If the ex had child(ren) with the deceased, then the ex should be mentioned in the obit I think, out of respect for the feelings of the child(ren).

On the grounds of “always leave them wanting more,” I think that would be kinda cool

The kids know their parents are divorced.

Way I have seen it, the kids are mentioned, current partner is mentioned, current partner is referred to in a way that they are clearly not the bio parent, you connect the dots.

It depends.
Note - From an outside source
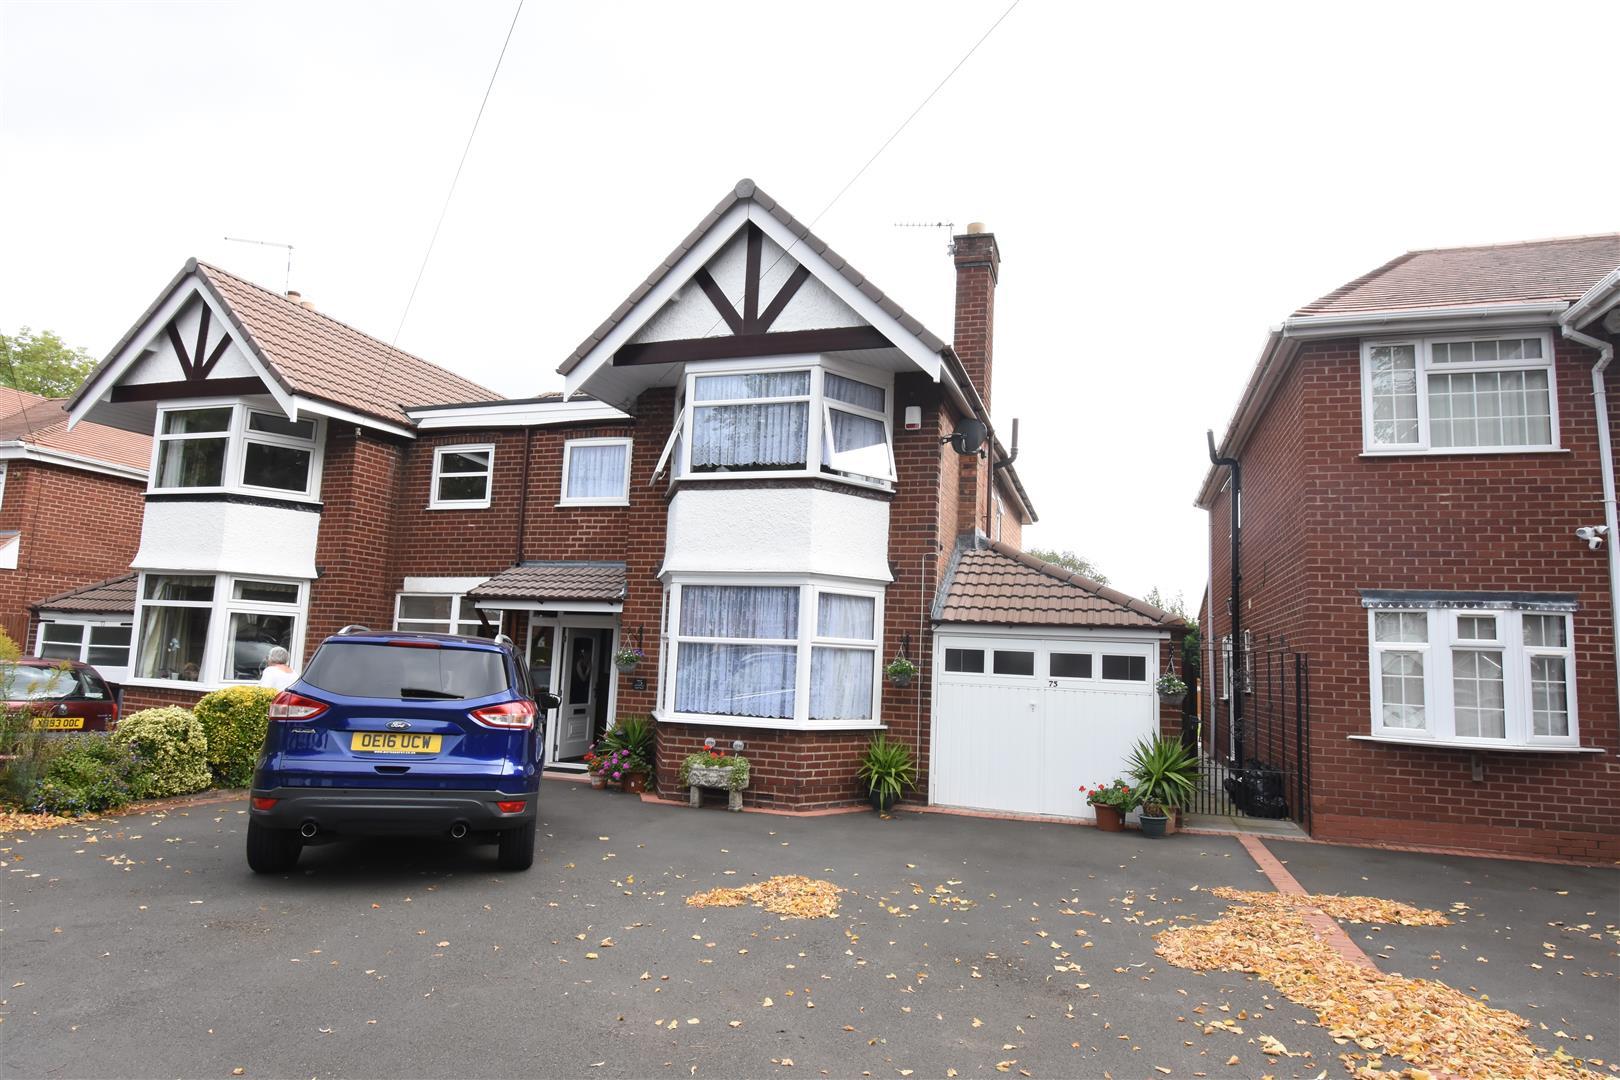 4 bed house for sale in Brockhurst Road, Hodge Hill, Birmingham, B36

My kids love their mom and keep in touch with her, but they know I want nothing to do with her. When my son got married he wanted me to come, and I did, surprising him because he’d invited his mom. I avoided her like the plague but had a great time.

Same here, when my daughter got married a few months ago.

My brothers been married and divorced three times. When I told him that his first wife (from our teenage years) had died he stated “One down, two to go!”. Doubt he is going to include any of them in his obit.

He did relent and state that in hindsight the first one wasn’t as bad as the last two given their youth. I went to her funeral and shared a picture with her son from her second marriage of my brother with her in their hippie days. He was very glad to see his mom at 16 actually enjoying life and not of her final years.

She was better than the other two.

That’s if the children themselves want it. They may not.

Unless you’re famous yourself, you won’t get a journalist writing your obituary. Whomever does write it will be close to you and will skip that.

Were your parents divorced? I bet that if you surveyed the children of divorce the overwhelming majority would disagree with that, not all of course. My father hated my mother and I wrote the obituary. Mentioning my mom would have been insanely inappropriate.

Many years ago I was scanning family photos and making slide shows that would be transferred to discs and distributed to family. Naturally I found some of my ex brother-in-law, who had really treated my sister badly. I mentioned it and she said to go ahead and include the photos. “He’s still the father of our children,” she reasoned.

That would work for some situations.

No, my parents weren’t divorced.

My statement presumed that some children would want it acknowledged. If you’re in a particular situation where you know otherwise, of course not.

That said, I knew a guy who died and his ex was at the funeral. They had a pretty bitter divorce in the not-too-distant-past, but their three kids were also in attendance so nobody was going to turn her away. IIRC she was mentioned in the obit. He probably would have hated it but she’s the only parent remaining to the kids, probably another reason his surviving family made nice.